Owing to their self-renewal and multi-lineage differentiation capability, mesenchymal stem cells (MSCs) hold enormous potential in regenerative medicine. A prerequisite for a successful MSC therapy is the rigorous investigation of their function after in vitro cultivation. Damages introduced to mitochondria during cultivation adversely affect MSCs function and can determine their fate. While it has been shown that microtubules and vimentin intermediate filaments are important for mitochondrial dynamics and active mitochondrial transport within the cytoplasm of MSCs, the role of filamentous actin in this process has not been fully understood yet. To gain a deeper understanding of the interdependence between mitochondrial function and the cytoskeleton, we applied cytochalasin B to disturb the filamentous actin-based cytoskeleton of MSCs. In this study we combined conventional functional assays with a state-of-the-art oxygen sensor-integrated microfluidic device to investigate mitochondrial function. We demonstrated that cytochalasin B treatment at a dose of 16 μM led to a decrease in cell viability with high mitochondrial membrane potential, increased oxygen consumption rate, disturbed fusion and fission balance, nuclear extrusion and perinuclear accumulation of mitochondria. Treatment of MSCs for 48 h ultimately led to nuclear fragmentation, and activation of the intrinsic pathway of apoptotic cell death. Importantly, we could show that mitochondrial function of MSCs can efficiently recover from the damage to the filamentous actin-based cytoskeleton over a period of 24 h. As a result of our study, a causative connection between the filamentous actin-based cytoskeleton and mitochondrial dynamics was demonstrated.

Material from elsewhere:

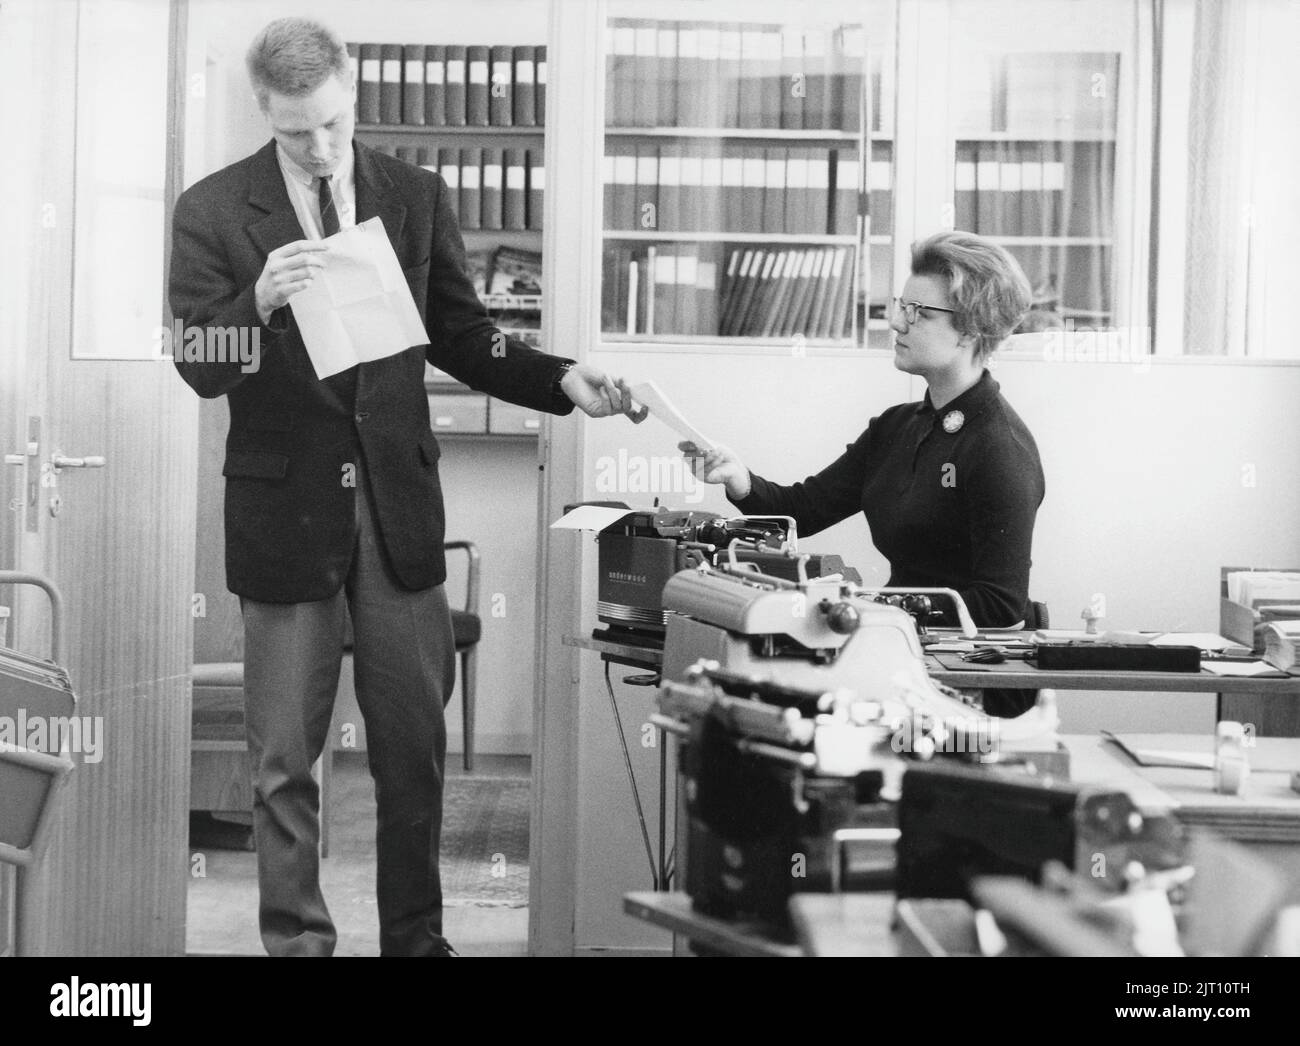 Office girl in the 1960s. A woman is sitting by her typewriter and a man is standing in the room both reading and being handed a document from her at the same time. A good illustration of how the relations were at the time between employees and managers as he gives her not attention or gratitude for her work, visibly a man who consider himself being on a higher level in the company than her. Sweden 1960. Stock Photo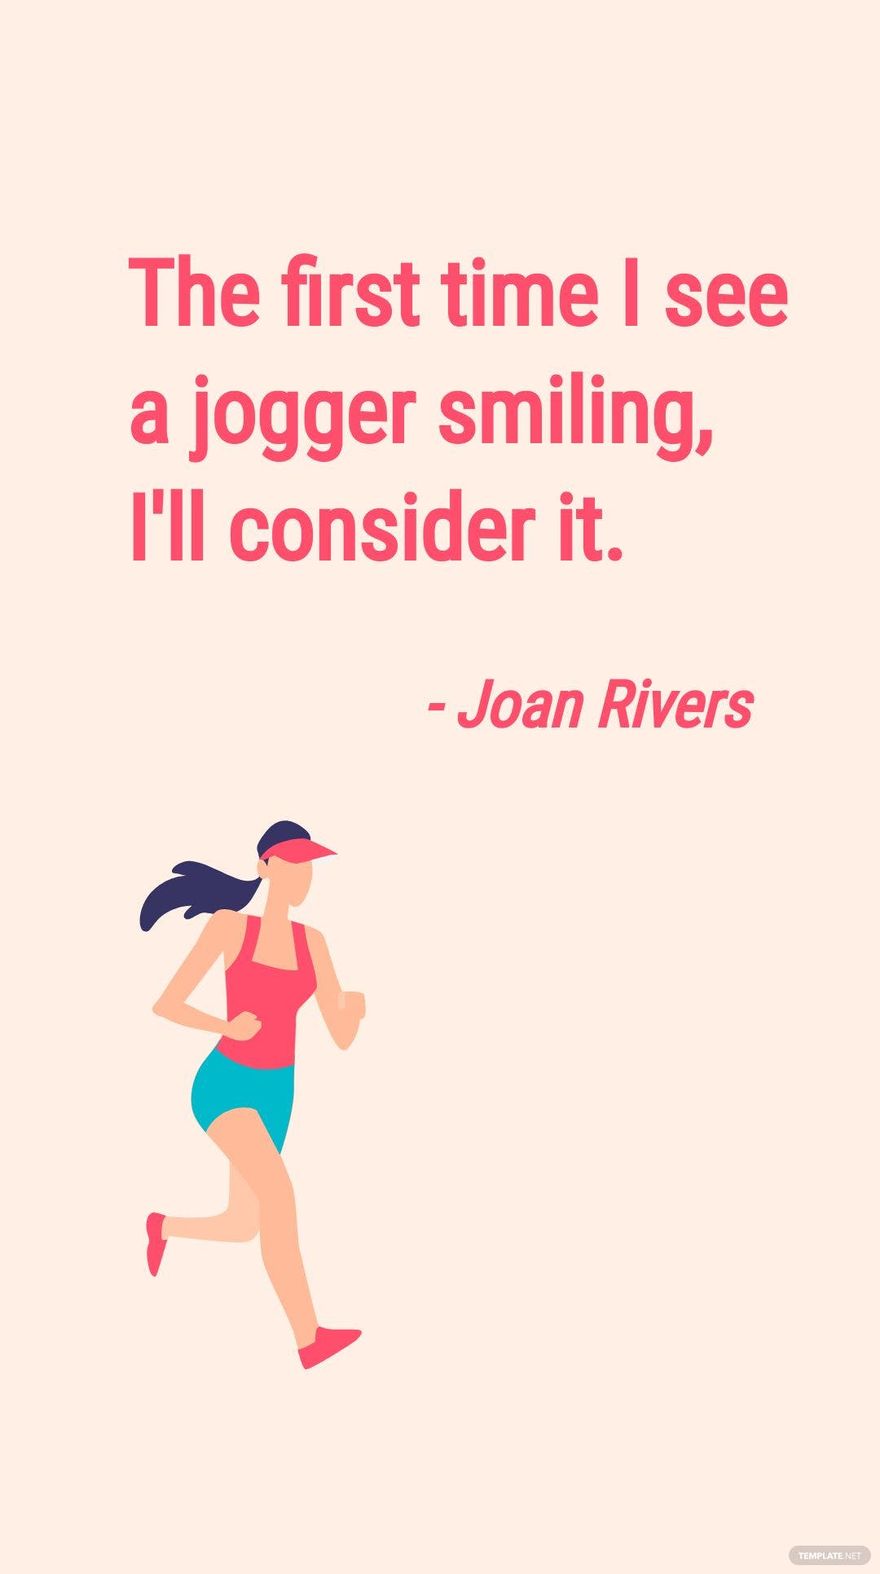 Free Joan Rivers - The first time I see a jogger smiling, I'll consider it. in JPG

由于其自我更新和多谱系分化能力，间充质干细胞 (MSCs) 在再生医学中具有巨大的潜力。成功的 MSC 治疗的先决条件是在体外后对其功能的严格研究栽培。在培养过程中引入线粒体的损​​伤会对 MSC 的功能产生不利影响，并可以决定它们的命运。虽然已经表明微管和波形蛋白中间丝对 MSC 细胞质内的线粒体动力学和主动线粒体转运很重要，但丝状肌动蛋白在该过程中的作用尚未完全清楚。为了更深入地了解线粒体功能与细胞骨架之间的相互依赖性，我们应用细胞松弛素 B 来干扰 MSC 的丝状肌动蛋白细胞骨架。在这项研究中，我们将传统的功能测定与最先进的氧传感器集成微流体装置相结合，以研究线粒体功能。我们证明，16 μM 剂量的细胞松弛素 B 处理导致细胞活力降低，线粒体膜电位高，耗氧率增加，融合和裂变平衡紊乱，核挤压和线粒体的核周积累。MSCs 处理 48 小时最终导致核碎裂，并激活凋亡细胞死亡的内在途径。重要的是，我们可以证明 MSC 的线粒体功能可以在 24 小时内有效地从对基于丝状肌动蛋白的细胞骨架的损伤中恢复。作为我们研究的结果，证实了基于丝状肌动蛋白的细胞骨架和线粒体动力学之间的因果关系。线粒体的核挤压和核周积累。MSCs 处理 48 小时最终导致核碎裂，并激活凋亡细胞死亡的内在途径。重要的是，我们可以证明 MSC 的线粒体功能可以在 24 小时内有效地从对基于丝状肌动蛋白的细胞骨架的损伤中恢复。作为我们研究的结果，证实了基于丝状肌动蛋白的细胞骨架和线粒体动力学之间的因果关系。线粒体的核挤压和核周积累。MSCs 处理 48 小时最终导致核碎裂，并激活凋亡细胞死亡的内在途径。重要的是，我们可以证明 MSC 的线粒体功能可以在 24 小时内有效地从对基于丝状肌动蛋白的细胞骨架的损伤中恢复。作为我们研究的结果，证实了基于丝状肌动蛋白的细胞骨架和线粒体动力学之间的因果关系。